Immerhin ist Eric Tillers Film unterhaltsam. Er wird für einige Zeit ein Lutherbild fixieren, das zwar der historischen Überprüfung nicht standhält, aber den Bedürfnissen einer an Vorbildern so armen Welt entspricht."

2. November 2003

Bernanos über die Heiligen

[Wer unökumenische Töne heraushört, liest am besten darüber weg. Darauf kommt es GB und mir nicht an.]

"Die Stunde der Heiligen ist immer am Kommen. Unsere Kirche ist die Kirche der Heiligen.

Wer ihr mit Mißtrauen naht, glaubt geschlossene Türen, Schranken und Schalter zu finden, eine Art geistlicher Polizei. Aber unsere Kirche ist die Kirche der Heiligen.

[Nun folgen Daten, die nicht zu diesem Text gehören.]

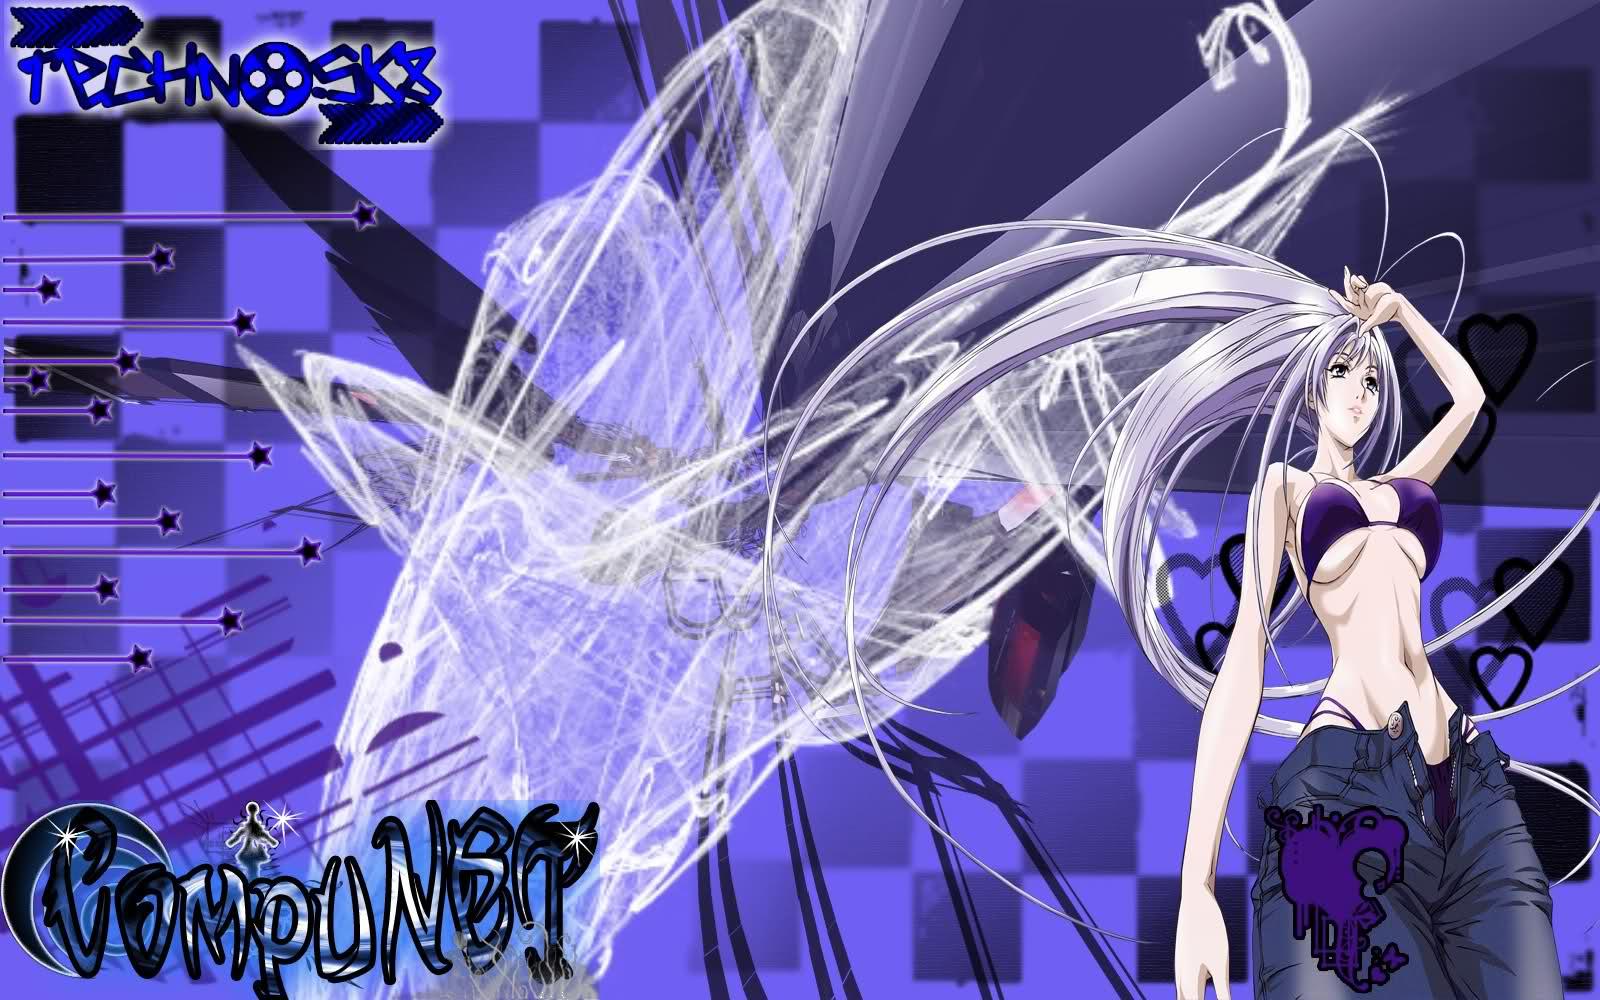 Anime Techno Girl

Welcher Bischof gäbe nicht seinen Ring, seine Mitra, seinen Stab, welcher Kardinal nicht seinen Purpur, welcher Papst nicht seinen weißen Rock, seine Camerieri, seine Schweizer und all sein Zeitliches dahin, um ein Heiliger zu sein? Wer möchte nicht die Kraft haben, dies wunderbare Abenteuer zu bestehen?

Denn die Heiligkeit ist ein Abenteuer, sogar das einzige, das es gibt. Wer das einmal verstanden hat, ist ins Herz des katholischen Glaubens eingetreten, hat in seinem sterblichen Fleisch einen anderen Schreck verspürt als den des Todes: eine übermenschliche Hoffnung. Unsere Kirche ist die Kirche der Heiligen. Aber wer kümmert sich um die Heiligen? Man sähe sie gern als Greise voll Erfahrung und Politik, aber die meisten von ihnen sind Kinder, und die Kindheit steht immer allein gegen alle. Die Schlauen zucken die Achseln, lächeln: welcher Heilige hat den Leuten der Kirche viel zu danken gehabt? He, was gehen uns hier die Leute der Kirche an? (...)

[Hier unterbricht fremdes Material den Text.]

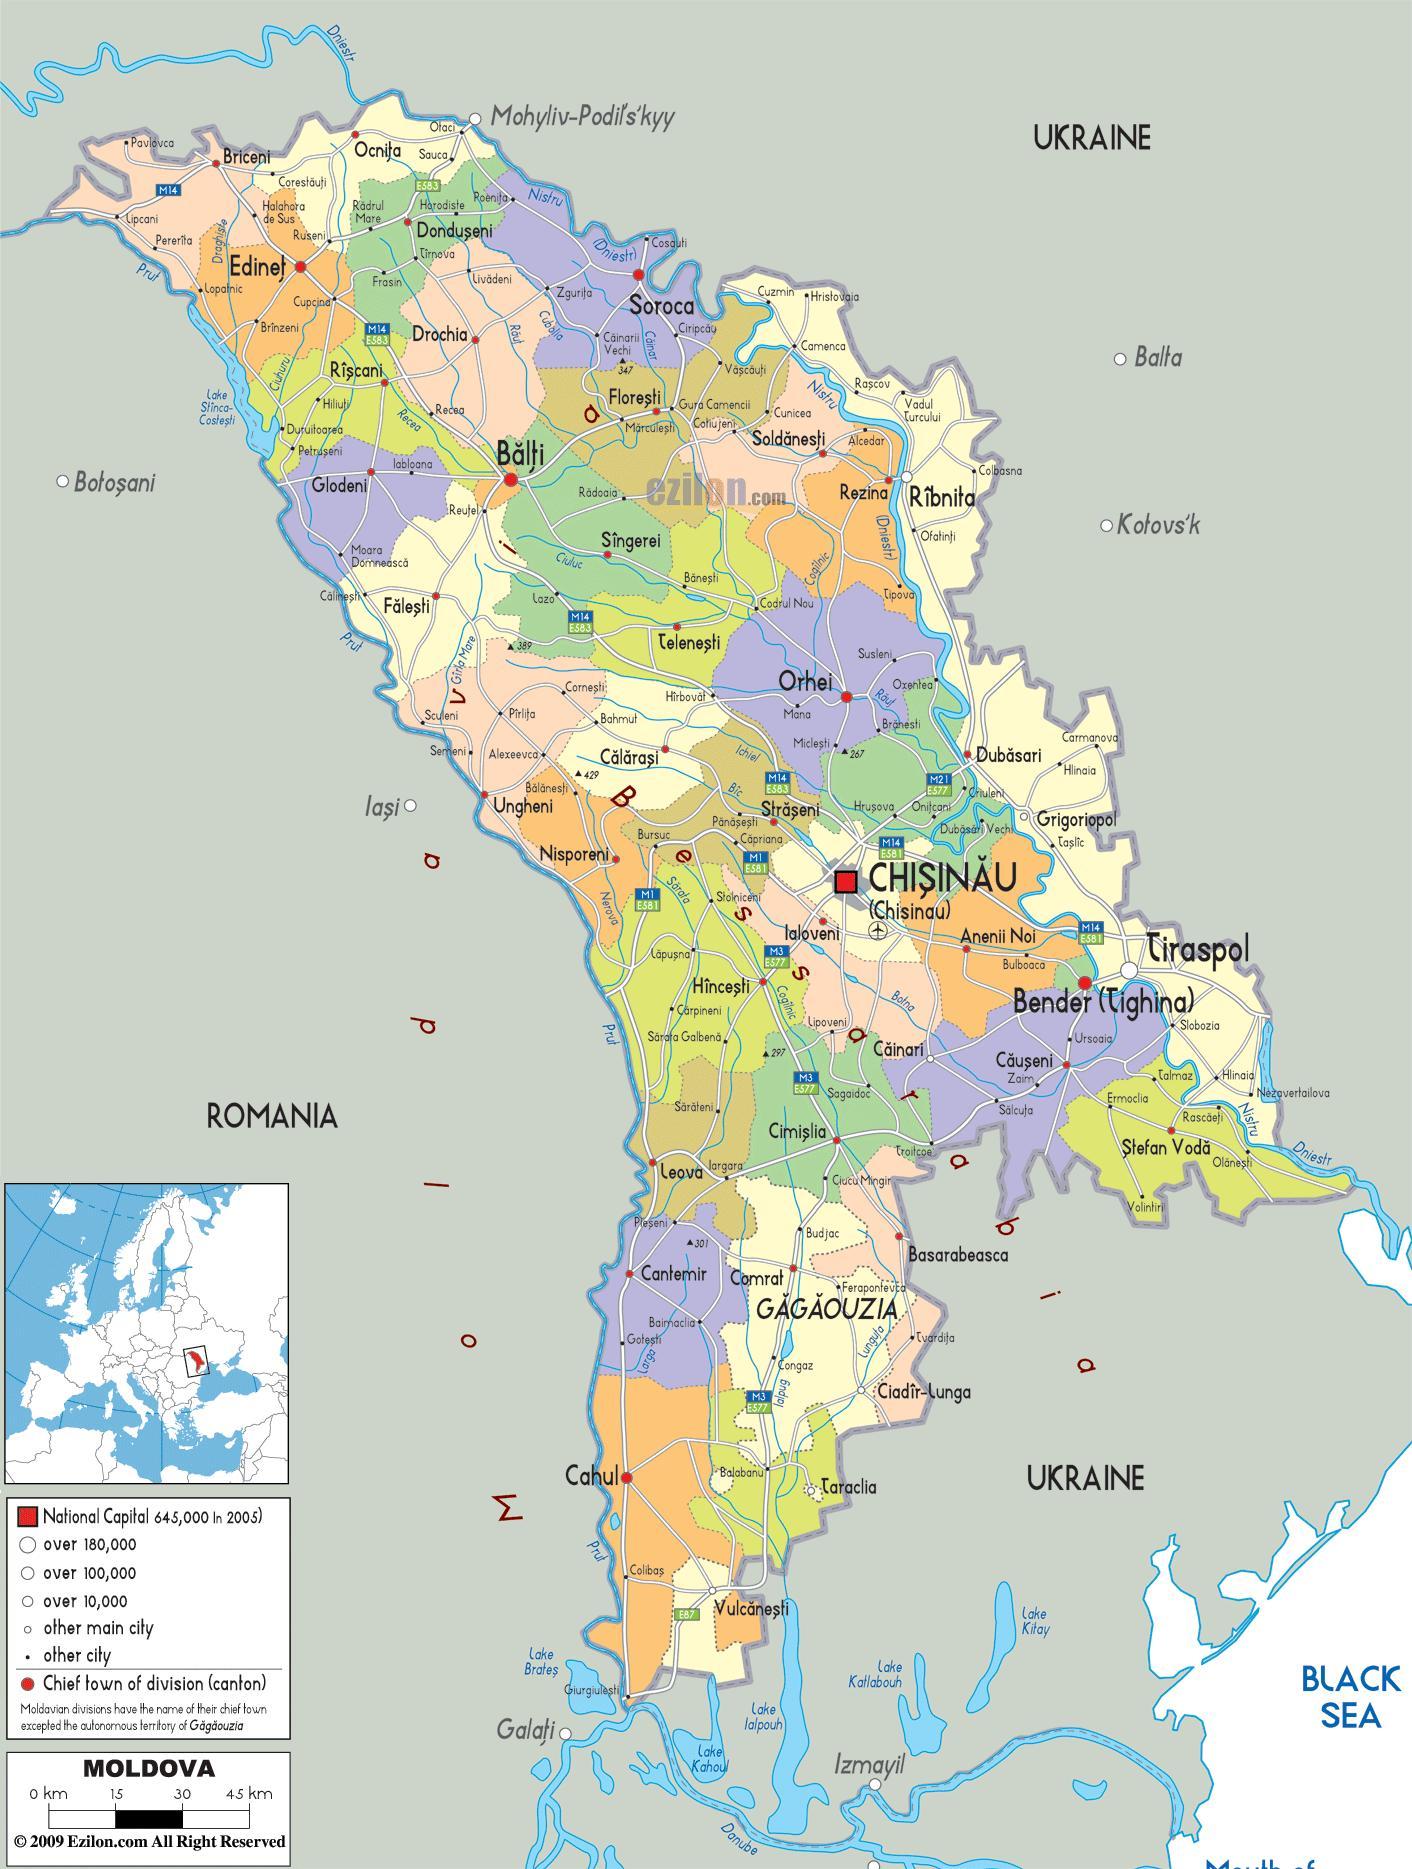 Moldawien Karte.Balti Moldawien Karte Belzy Moldau Karte Osteuropa Europa

Gott hat die Kirche nicht gemacht für den Wohlstand der Heiligen, sondern daß die Kirche ihr Andenken lebendig erhalte, damit nicht, mit dem göttlichen Wunder zusammen, ein Strom von Ehre und Poesie zerrinne. Es soll eine andere Kirche ihre Heiligen vorweisen! Die unsere ist die Kirche der Heiligen. Wem wolltet ihr diese Here von Engeln zu weiden geben? Schon die bloße Geschichte mit ihrem summarischen Verfahren, ihrem sturen und harten Realismus hätte sie zerbrochen.

Unsere katholische Tradition trägt sie davon, ohne sie zu verletzen, in ihrem umfassenden Rhythmus. Benedikt mit seinem Raben, Franz mit seiner Laute und seine provenzalischen Versen, Jeanne mit ihrem Schwert, Vinzenz mit seiner verschlissenen Soutane, und die Letztgekommene, die Fremde, Geheime, von den Geschäftemachern und Bestechlichen auf die Folter gespannt, mit ihrem unbegreiflichen Lächeln - Therese vom Kinde Jesu. (...) Wir respektieren die Dienste der Verwaltungsbehörden, der Profossen, des Generalstabs und der Kartographen, aber unser Herz ist mit den Männern der Front, unser Herz ist mit denen, die sich umbringen lassen." (zit. nach Hans Urs von Balthasar: Gelebte Kirche - Georges Bernanos.- 3. Aufl.- Einsiedeln: Johannes, 1988, S. 234f.)